Optimize processing. Often the data that you load into a cube does not change. That means you can load it once and leave it there. Processing is the mechanism that loads data into the cube, which you will learn more about in Chapter 6. If you separate data into partitions, you can restrict processing to a single small partition to load current data and leave other unchanged data in place in separate partitions. That makes processing execute more quickly. Furthermore, even if you have to process multiple partitions, you can process them in parallel and thereby reduce the overall time required to process. The amount of parallelism that you can achieve depends on the server hardware that you use for Analysis Services.

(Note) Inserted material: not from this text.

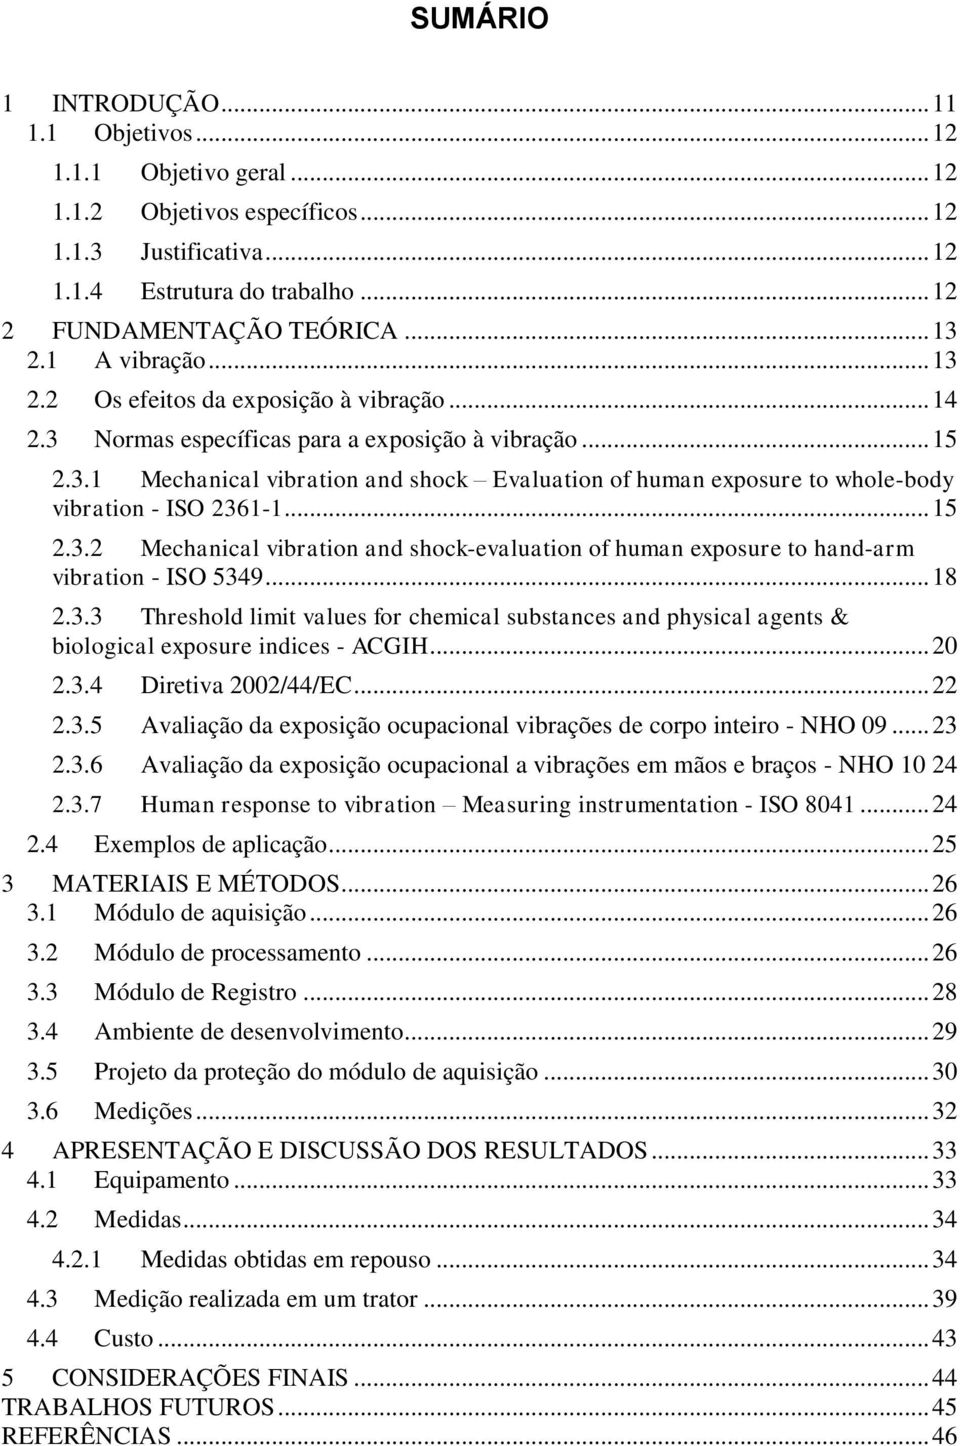 .. 15 2.3.2 Mechanical vibration and shock-evaluation of human exposure to hand-arm vibration - ISO 5349... 18 2.3.3 Threshold limit values for chemical substances and physical agents & biological exposure indices - ACGIH.

When you create a partitioning strategy, you can use different storage modes, aggregation levels, and assign a variable number of rows per partition. For example, you can have several months’ worth of data in the current year partition, twelve months in a prior year, and 5 years or 60 months in a history partition. Another benefit of this approach is the ability to maintain a moving window of data. You can easily drop off older data and add in new data without disrupting other data that you want to keep in the cube.

Storage Modes

The default storage mode is called MOLAP, which is the abbreviation for Multidimensional OLAP. With MOLAP, as shown in Figure 52, all data, metadata, and aggregations are stored and managed by Analysis Services. When you process the cube, data is read from the relational source according to the rules defined in the UDM, which stands for Unified Dimensional Model. The UDM is metadata that contains all the dimension and cube definitions, describes how the data needs to be stored by Analysis Services, and contains the aggregation design, which the server processes after loading fact data to include aggregations in the data stored on the server. When a client application sends an MDX query to the server, the server responds by querying the data or aggregations in the cube.

MOLAP Storage

MOLAP Storage

Note: MOLAP storage is an efficient way to store data in a partition. It’s highly compressed and indexed, and does not require as much space to store data as the source data.

Another storage mode is called HOLAP, which stands for Hybrid OLAP. With HOLAP, only the aggregation data and the UDM are stored on the server, but data remains in your relational database, as shown in Figure 53. When you process the cube, Analysis Services reads from the relational source and calculates the aggregations, which it then stores on the server. When a client application sends an MDX query to the server, the server responds with a result derived from aggregations if possible, which is the fastest type of query. However, if no aggregation exists to answer the query, the server uses the UDM to translate the MDX query into an SQL query, which in turn is sent to the relational source. In that case, query performance can be slower than it would be if the data were stored in MOLAP.

HOLAP Storage

HOLAP Storage

HOLAP storage is most often used when a large relational warehouse is in place for other reasons and the majority of queries can be answered by aggregations. If the difference in performance between MOLAP and HOLAP is minimal, HOLAP might be a preferable option when you want to avoid the overhead of additional processing to create a MOLAP store of the data and the number of queries requiring the detail data is small.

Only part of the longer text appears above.